[Openmcl-devel] Semaphore troubles

Gary Byers gb at clozure.com
Thu May 10 00:17:12 PDT 2012


If I remember correctly, the Leopard bug in nanosleep had two components:

   - if the call was interrupted right around the time it would have completed,
     errno was set to EINTR and the "remaining time" was set to a very small
     negative value (timeval.tv_sec was -1 in the "remaining time" structure)
   - even though timeval.tv_sec wasnegative, nanosleep() interpreted it as
     a very large integer and effectively slept forever (or until interrupted.)

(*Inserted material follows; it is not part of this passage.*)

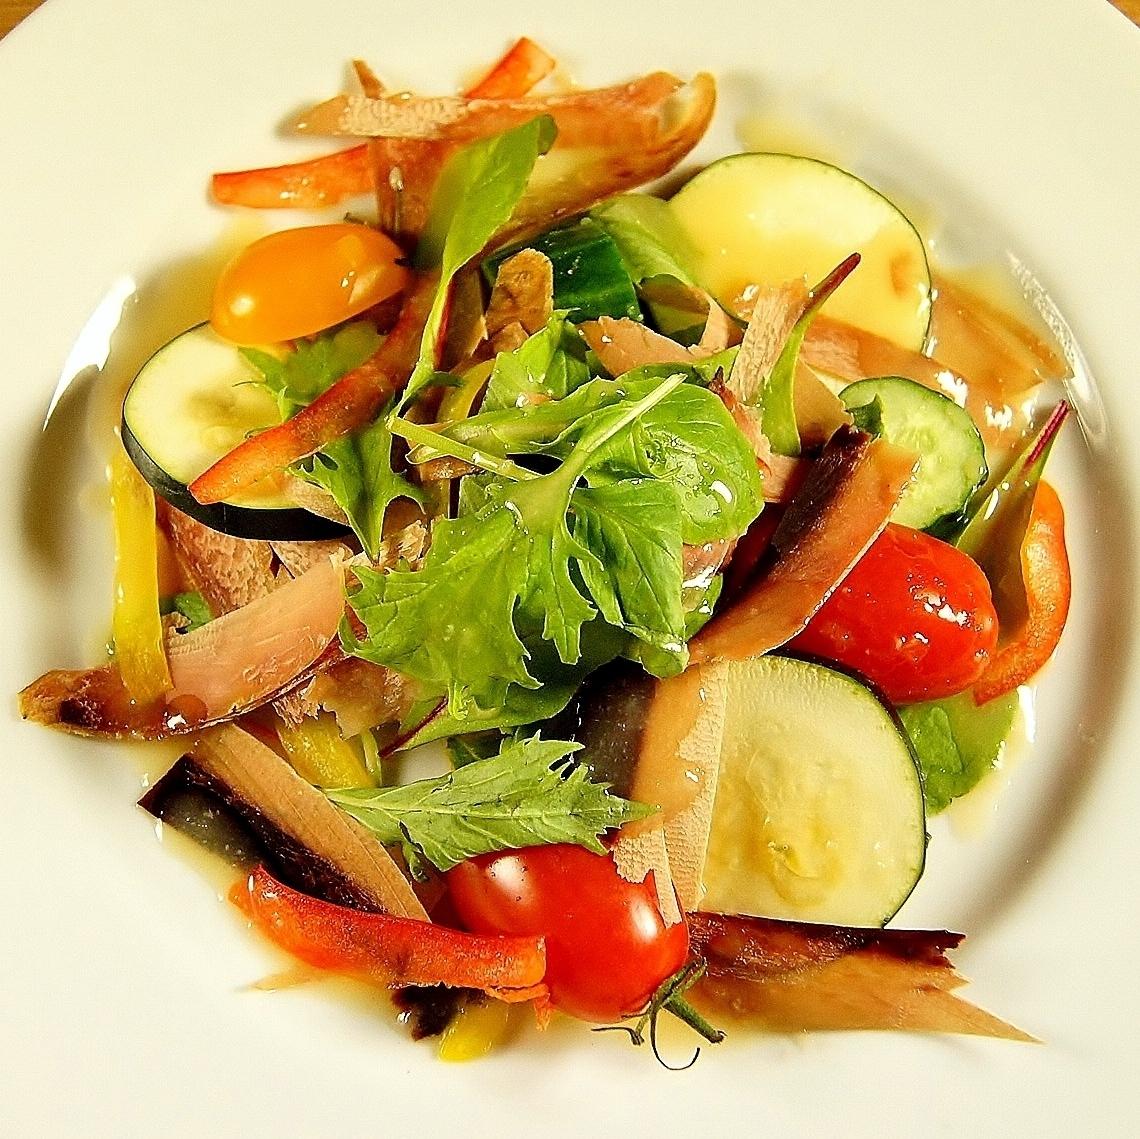 新鲜蔬菜日本建筑色拉敷料

The workaround was to try to sanity-check the remaining time value; we don't
want to go back to sleep for a negative number of seconds, and it doesn't
make sense to do so if the remaining time is greater than the original time.
If it's exactly equal (if a signal was received before we slept at all and
nanosleep just returns the original time as remaining time, then the sanity
check rejects that and we won't sleep at all, and that certainly looks suspect.
(And by "suspect", I of course mean "wrong" ...)

If you remove that bug workaround (and bug introduction) and James'
test can still fail (though very infrequently), then theories like
those that you and I were proposing still look good to me: you can
count on a runnable thread running before a sleeping thread, unless
the sleep interval is small and you get email or a cron job runs or
something else happens to kick the thread off of whatever CPU it's on.

I think that you're absolutely right in viewing the workaround in CCL::%NANOSLEEP
as suspect (see above), and that goes a very long way towards explaining this.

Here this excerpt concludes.